Wed, 02 Jul 2003

Military officer denounces int'l community over rights trial

Muninggar Sri Saraswati, The Jakarta Post, Jakarta

Rights tribunal defendant Maj. Gen. Adam Damiri slammed the international community on Tuesday for pressuring Indonesia to bring to justice government officials and military personnel responsible for bloody riots in East Timor before and after the 1999 referendum there.

Adam, the last and highest-ranking military officer to appear before the ad hoc human rights tribunal, told the court on Tuesday he was concerned that "the international audience is not neutral".

"Some of them act as judges or referees who have their own rules and perceptions, while some others are willing to develop a giant gang to play a political game in East Timor according to their own perceptions," Adam said.

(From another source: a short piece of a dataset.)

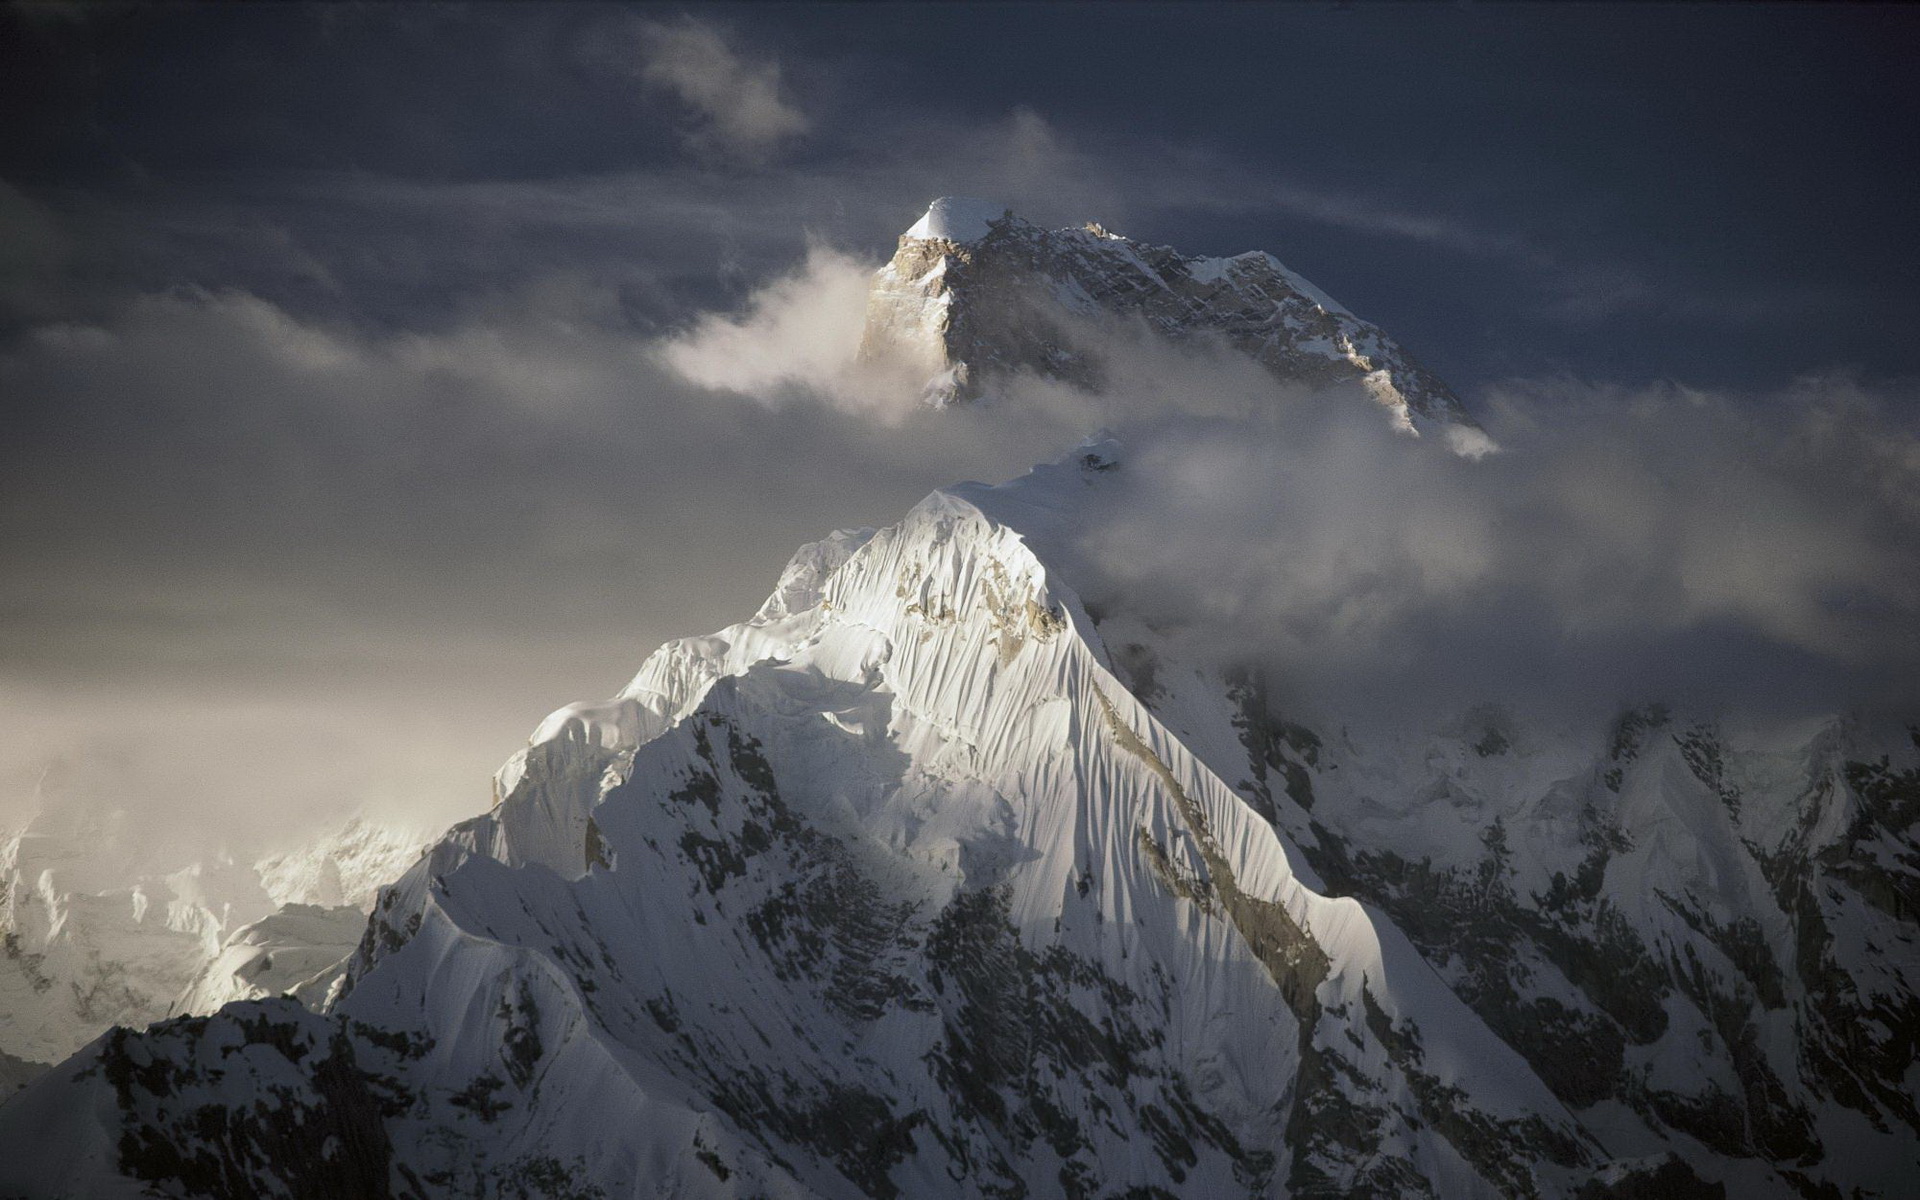 Вышина горы Эверест

Adam is the last of 12 military and police personnel brought to court for the mayhem in East Timor. Prosecutors demanded on June 5 that Adam be acquitted because the court had failed to prove the charges against him.

Adam's lawyers, who took turns reading out a 505-page defense statement, also blasted calls from the international community to bring the East Timor atrocities to an international tribunal.

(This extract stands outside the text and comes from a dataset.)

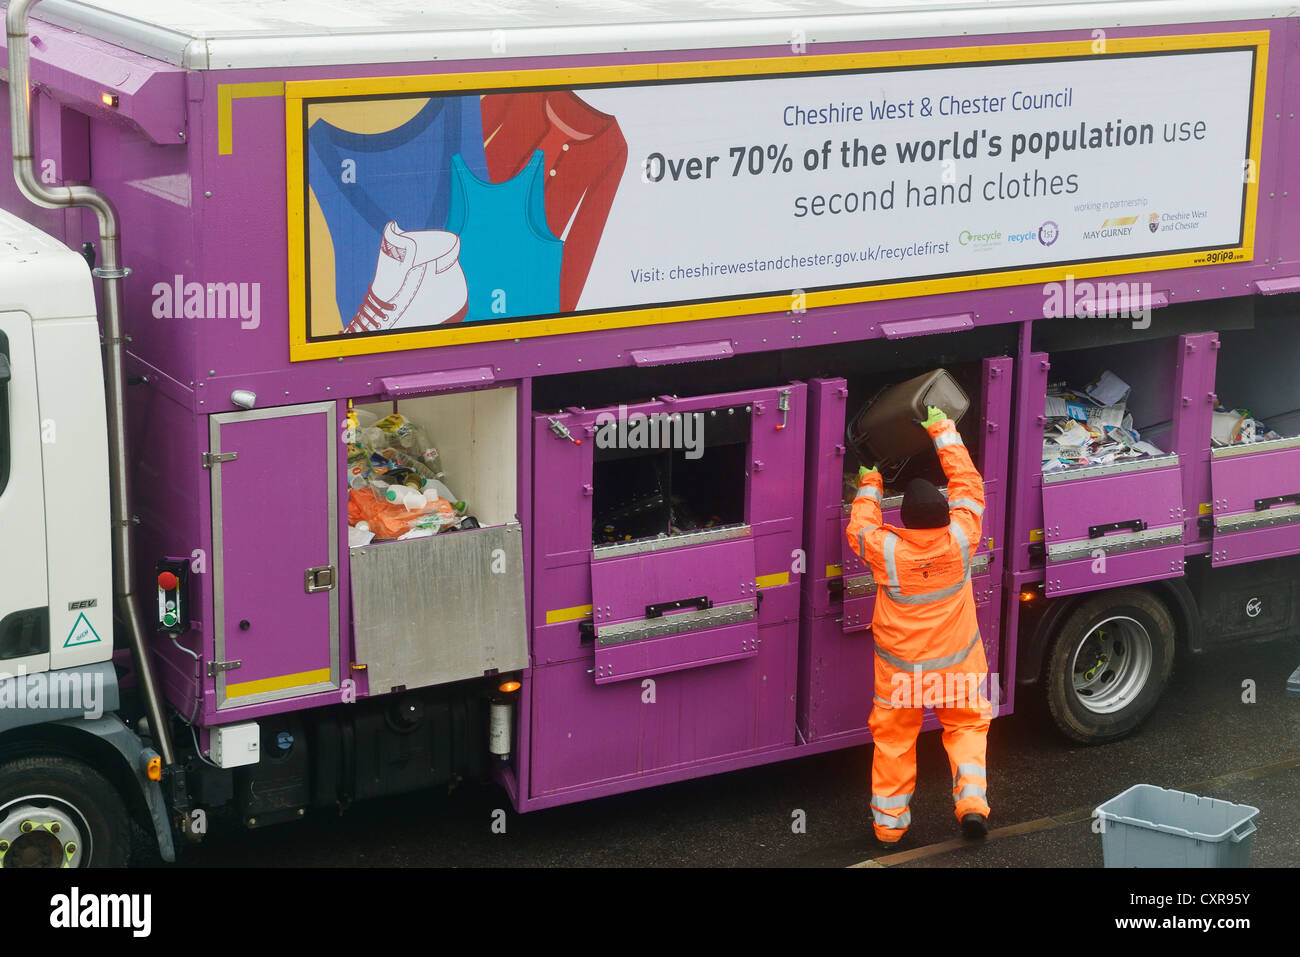 Raccolta rifiuti e smistamento dei rifiuti domestici in Cheshire con cernita manuale per la carta, plastica, lattine e rifiuti alimentari. Foto Stock

They singled out the U.S. and Australia, "which act as the human rights defenders of the world".

The enactment of Law No. 26/2000 on human rights, they said, was a sign of the international pressure on Indonesia.

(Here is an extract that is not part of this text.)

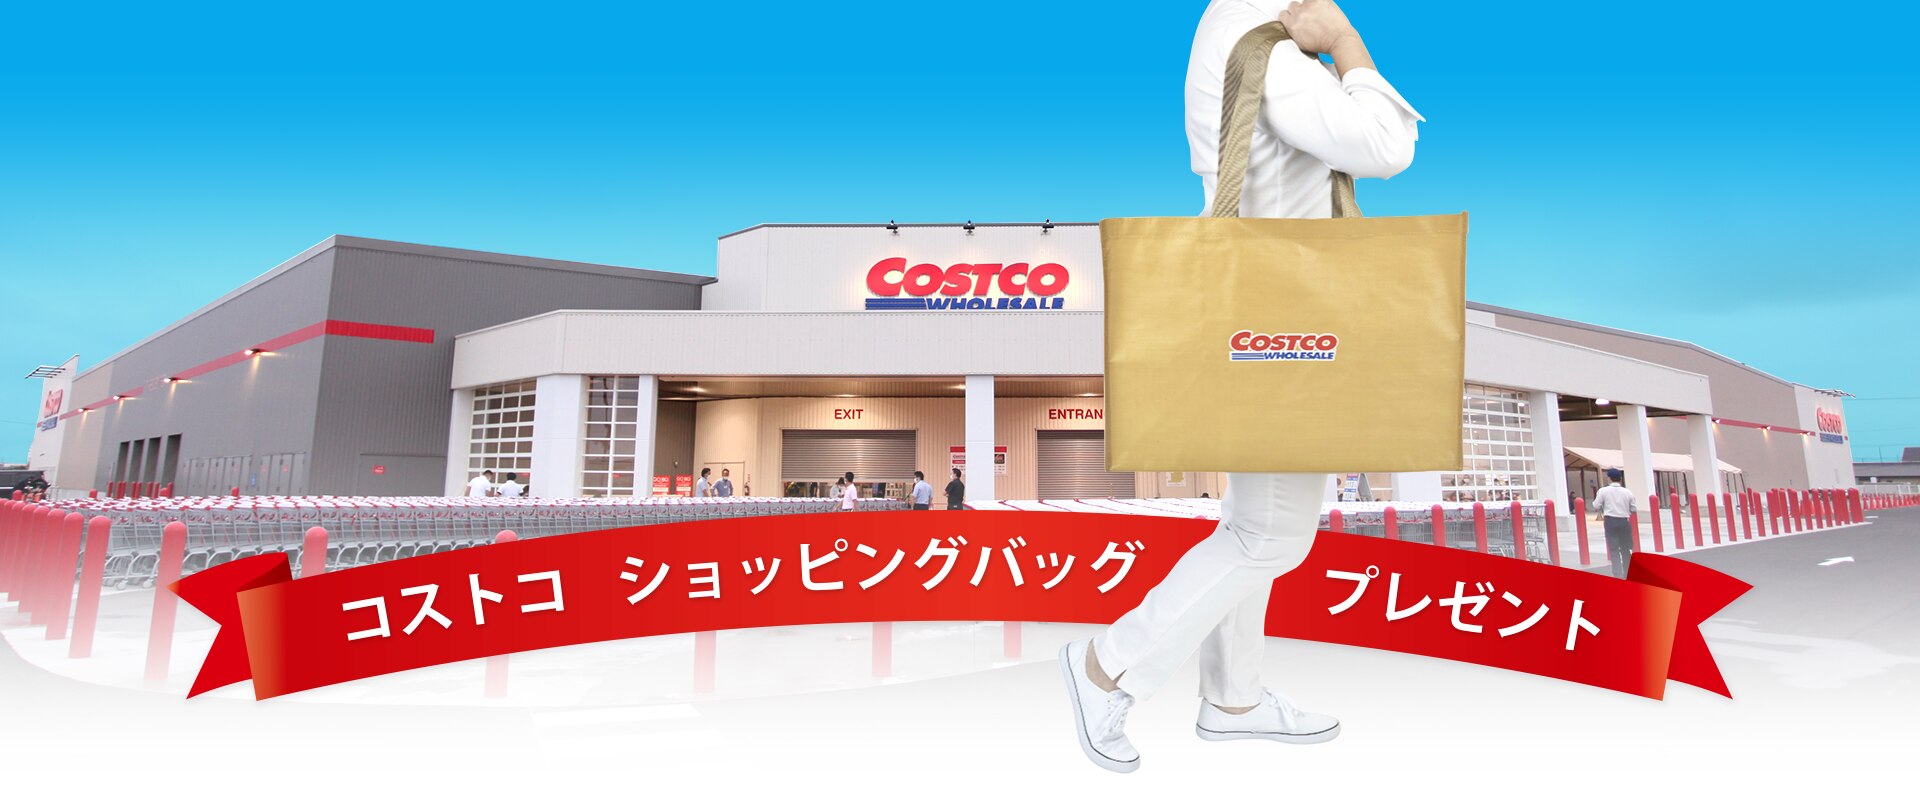 コストコ ショッピングバッグプレゼント | Costco Japan

The rights tribunal was established to deflect pressure for an international tribunal to look into the bloodshed in East Timor. The tribunal has acquitted 11 defendants, mostly police and military members.

Five people, including two Army officers, have been found guilty but remain free pending appeals.

Adam, who headed the regional military command that oversaw East Timor at the time of the referendum in August 1999, called the press a "pro-Portuguese chicken media that cackled all around", blaming the media for blowing up reports that made it seem the military was responsible for the violence.

In his defense statement, titled a loyalty to duty and the voice of a child of the nation, Adam also lambasted human rights defenders for criticizing troops in East Timor, calling these activists "a group with a loud voice, crazy thinking and black motives".

Adam's lawyers also questioned human rights defenders who remained silent during the U.S.-led attack on Iraq.

"Apparently they support foreign countries, which claim to be defenders of human rights," the lawyers said,

Hundreds of people are believed to have died in East Timor when pro-Jakarta militias, allegedly backed by the military, went on a rampage in 1999, destroying almost 90 percent of the infrastructure in the former Indonesian province.

Prosecutors have charged Adam with gross human rights violations for his failure to prevent the bloodshed.

The court is expected to issue a verdict on Aug. 5.